Recently, another component is added to the debates—the dredging of the Bahr el Ghazal basin. This, after dredging equipment, was reported to have arrived from Egypt to Unity, one of the country’s 10 states worst hit by the floods.
Since 2019, parts of Unity, Jonglei, and Upper Nile states, continued to witness the worst floods in decades. Hundreds of thousands of residents have been uprooted from their homes without food, shelter, and access to healthcare services while several thousand others remain stranded in the floodwaters. In the media, appeals for humanitarian intervention by officials in the aforementioned states hardly miss headlines.
Yet, three years on, no studies have been conducted by the government. A battle for narrative over the Jonglei Canal project is now the order of the day. With the debates taking some forms of hate speech, the flood-stricken populations are torn apart.
A brief historical background
In 1907, Sir Willams Garstin proposed Jonglei Canal. The idea was to increase the volume of water downstream to Sudan and Egypt for use in agriculture. About. About forty years later, an
Egyptian government study approved of the idea and began its implementation.
After the independence in 1956, the Jonglei Canal project remained alive. But it had since been a cause for alarm among Southern Sudanese elites. So, in 1984, seven years into the excavation works, the Jonglei Canal became a history of the past after it was greeted with catcalls by the Sudan People’s Liberation Movement/Army (SPLM/A).
The battle for the narrative
According to opponents, apart from water security threats, a completed Jonglei Canal would pose throughout the riparian states along the Nile, and the Sudd wetlands; one of the world’s largest freshwater ecosystems would be affected. Our country is home to a large fish species sustained by the wetlands. Also, fears of climatic and economic impacts are of concern.
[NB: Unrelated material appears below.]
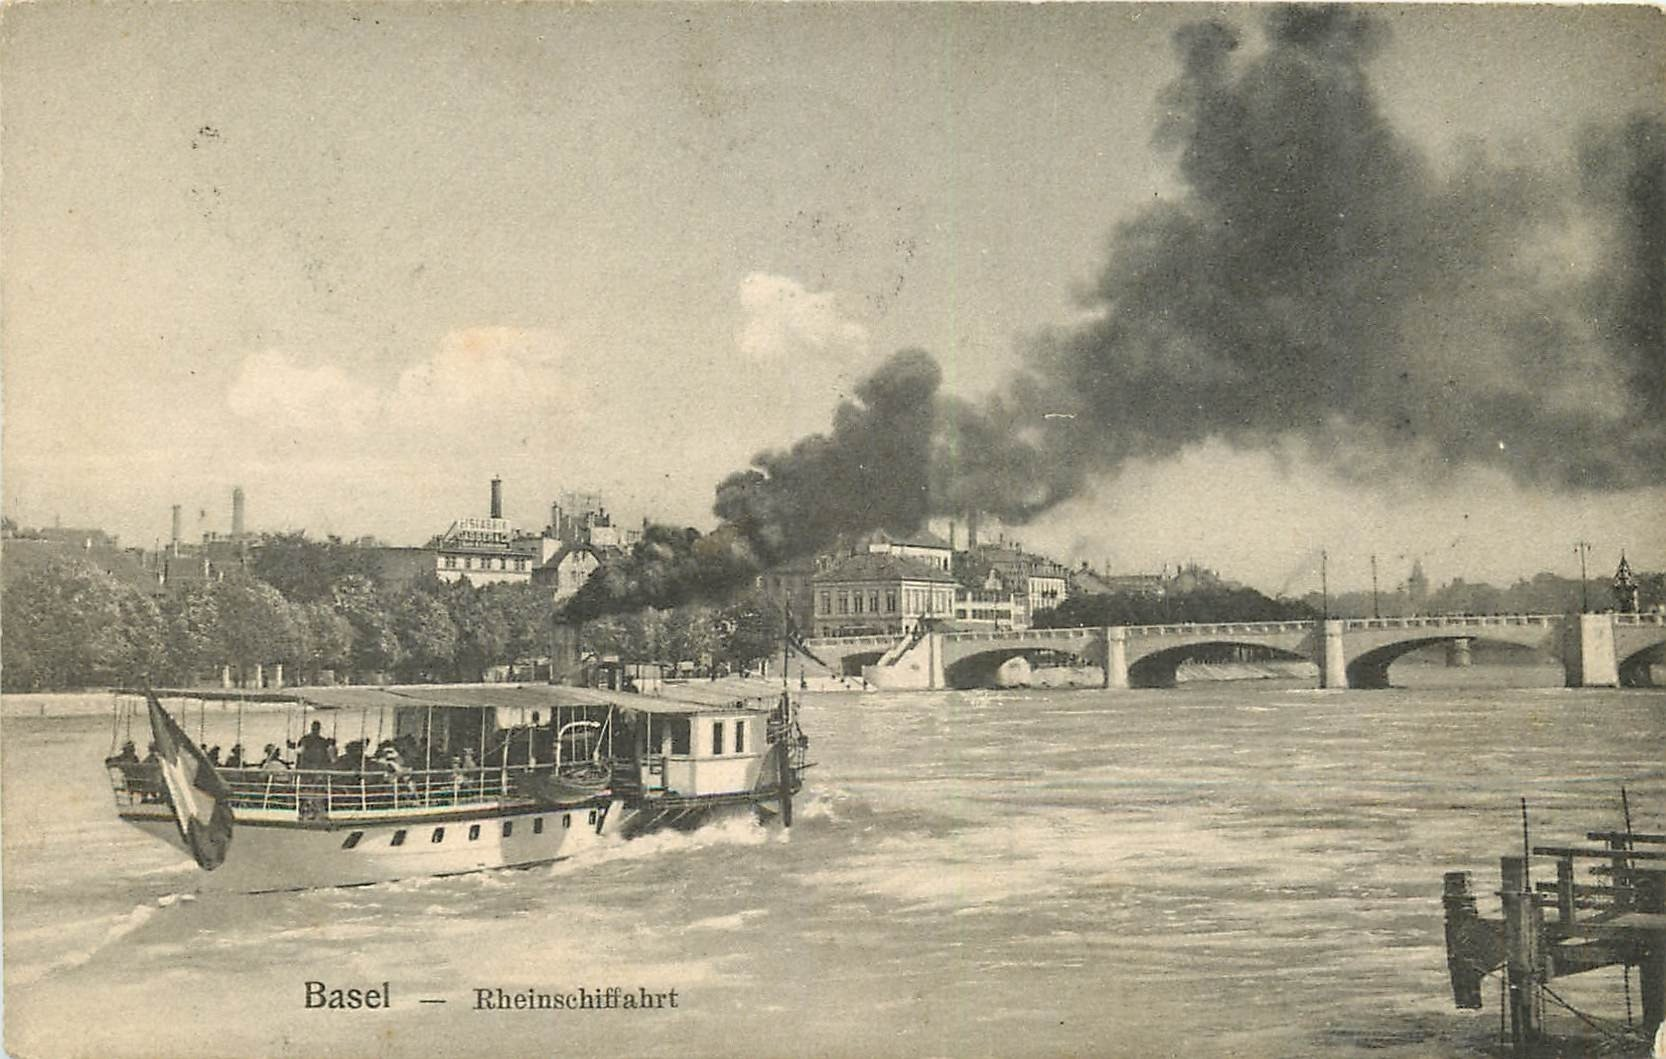 WW BASEL BALE. Rheinschiffahrt 1909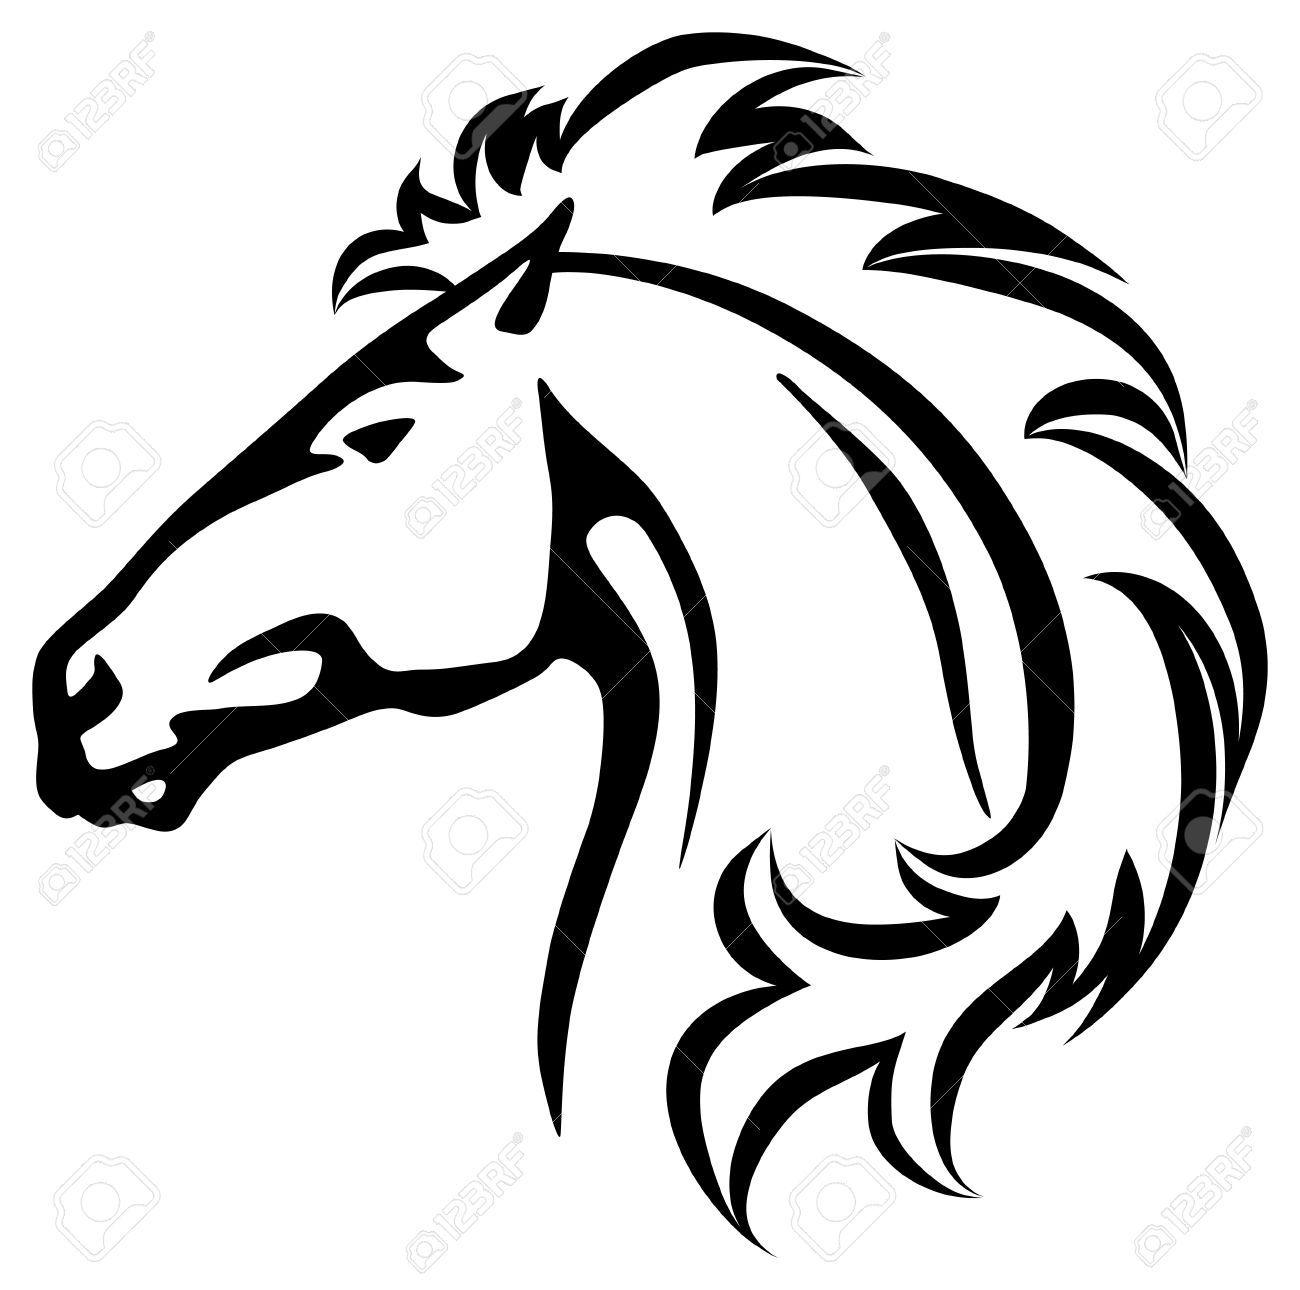 Wildhorse clipart jpg stock Wild horse clipart 3 » Clipart Portal jpg stock

For proponents, however; when Jonglei Canal is completed or if our rivers are dredged, the level of the rising floodwaters would be significantly reduced.
While our country’s constitution grants rights to freedom of expression. As the battle for the narrative rages on, everyone is, of course, obliged to exercise their rights without promoting hate speech (as is the case online) to avoid yet another unrest amidst this shaky peace deal. In parts of the country, for instance, officials and some residents, see the dredging as a relief.
Thanks to the presidency, on Monday, a months-long silence over the matter, was laid to rest with the announcement that expertise would be invited to discuss the issue. For many people, however, it remains to be seen what the anticipated government consultations would bring forth.